I did a lot of parading, marching and observing this past weekend commemorating 41 years of open gay and lesbian pride. I attended the rally prior to the Dyke March as well as the Pride Parade here in San Francisco, as much out of habit as committment. The events were huge. Gone are the days when heterosexuals feel shame and fear that they may be mistaken for queer at events like these.

An article on salon.com by, what I assume is a young lesbian, (she refers to herself as a "girl" which, in my generation meant a female child under 12), who believes that "pride" is only applicable in situations where a person actually accomplishes something. After reading it I'm sure that I am very proud to be queer. It's true, I didn't choose it. But I have chosen to be open about it since I was 18 and 42 years of braving the winds of hatred and oppression is something to be proud of. So much has accomplished so much in my lifetime.The victory of same-sex marriage in NY signals that we are well on the road to full civil rights and societal acceptance.It makes me wonder if we will see the total of assimilation of queers into the social fabric.

Another minority community of which I am a member has assimilated considerably in my lifetime.
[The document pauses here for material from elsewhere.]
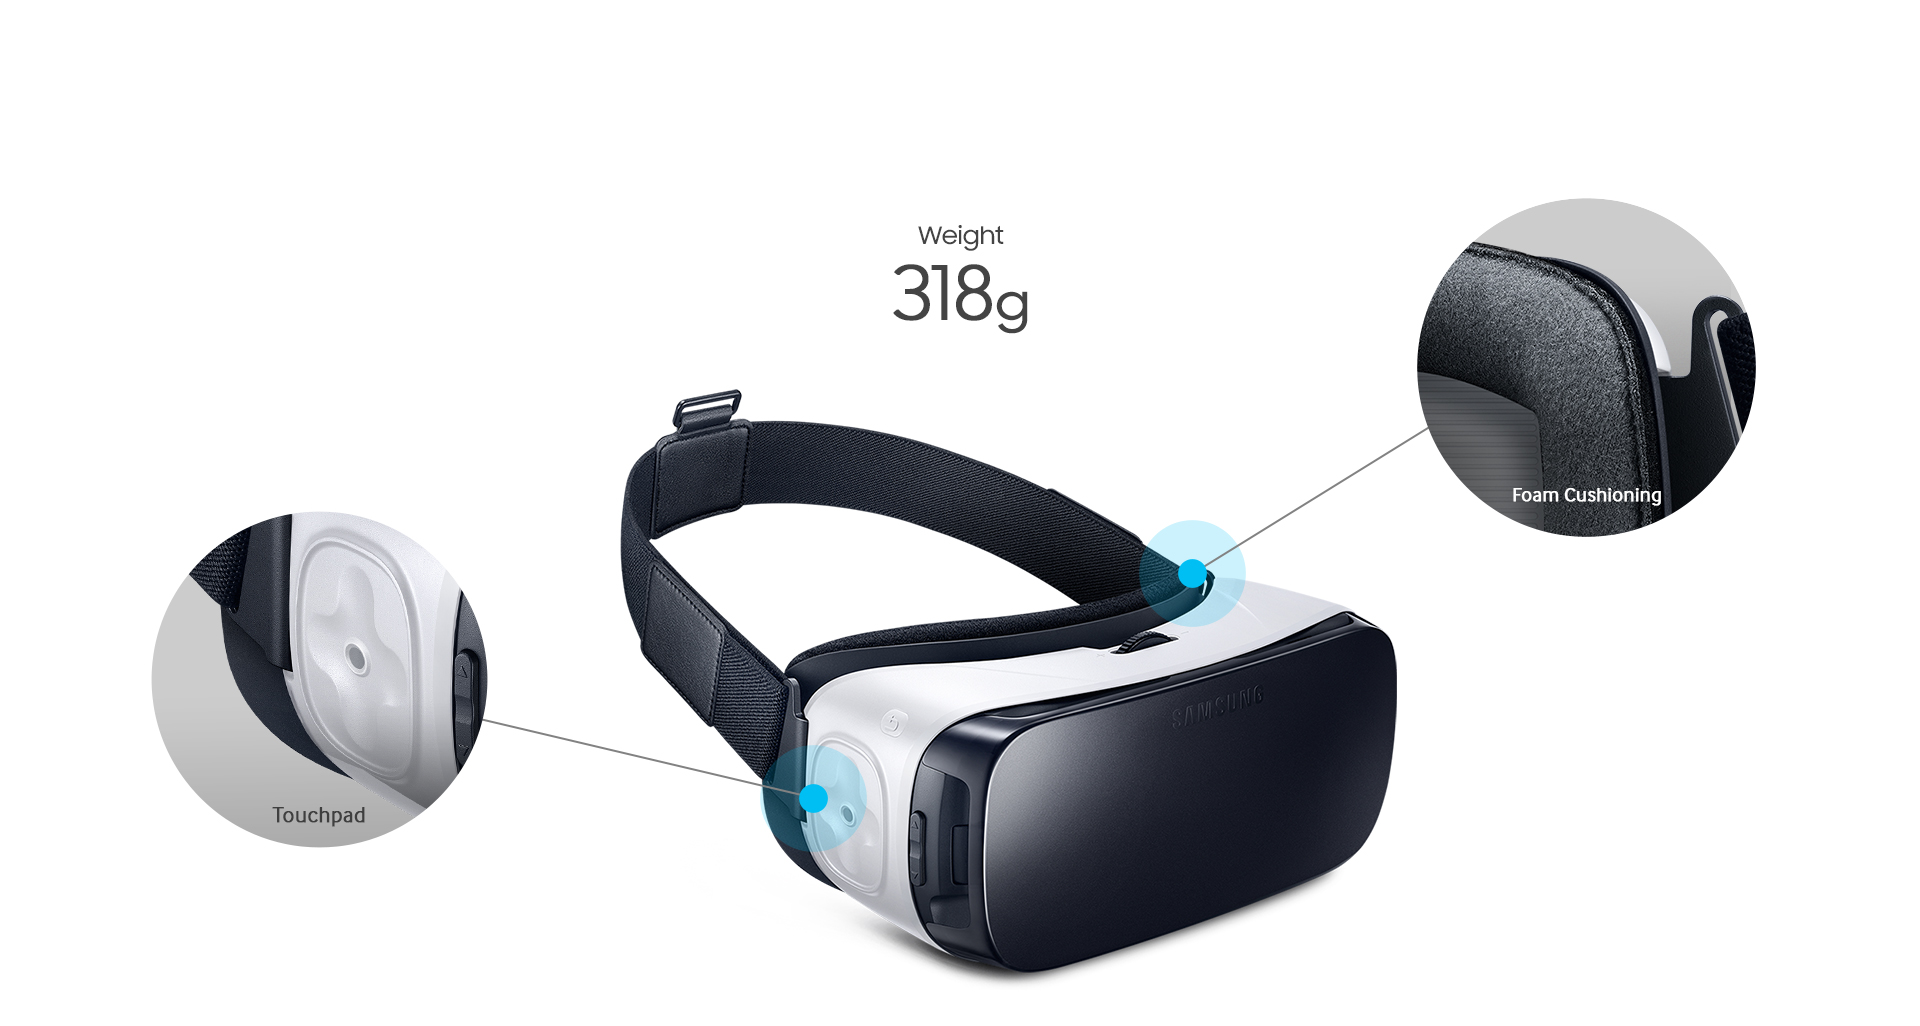 nuevas gafas Gear VR son ahora un 19% más ligeras - 318 g

At some point in the future, full-blooded Jews, like myself, will be very rare, almost non-existent. The religion will thrive, of course, but what of our angst-ridden, self-deprecating, humorous and intellectually overactive culture? It is already disappearing.

Will the Nelly Queen and the Stone Butch go the way of the Yiddish language? The toll of oppression and discrimination is overwhelmingly negative. But there are also positive aspects to outsider identity. Pinky rings, code words, belonging to a special club, these are the obvious ones. But viewing oneself as part of a larger whole, a strong community that has proven its mettle in the face of adversity can be something precious, yet somewhat inexplicable to folks who have never experienced it.
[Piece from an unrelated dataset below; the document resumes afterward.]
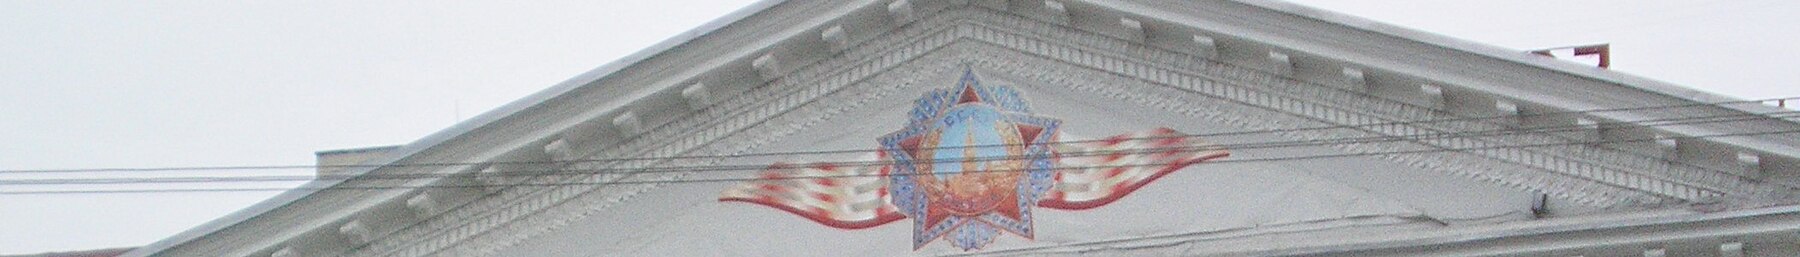 Hviderusland banner 1.jpg

Queer folks still have a long way to go before we have to worry about this issue. Will anyone gay, lesbian, straight, trans or gender indeterminate have the right to a secure job in the future? A place to live? Enough to eat? I think the problems of the upcoming not-so-brave new world will defy simplistic and self-limiting labels.

Buddhism, a philosophy I respect greatly, stresses that we are all one and need to let go of our stories, our attachment to the trappings of the past that separate us from our universal humanity. I can see the rationale of this approach but also feel that "Those who cannot remember the past are condemned to repeat it." In that spirit I am compelled to tell my story as well as listen to yours. With pride.

Wednesday, June 22, 2011

Bending Under the Weight...

A Heavy Burden
Ok, so here's a rundown of news that running us down. The Walmart gender discrimination lawsuit got thrown out by the US Supremes, setting a dangerous precedent for future class action lawsuits that deal with all forms of discrimination.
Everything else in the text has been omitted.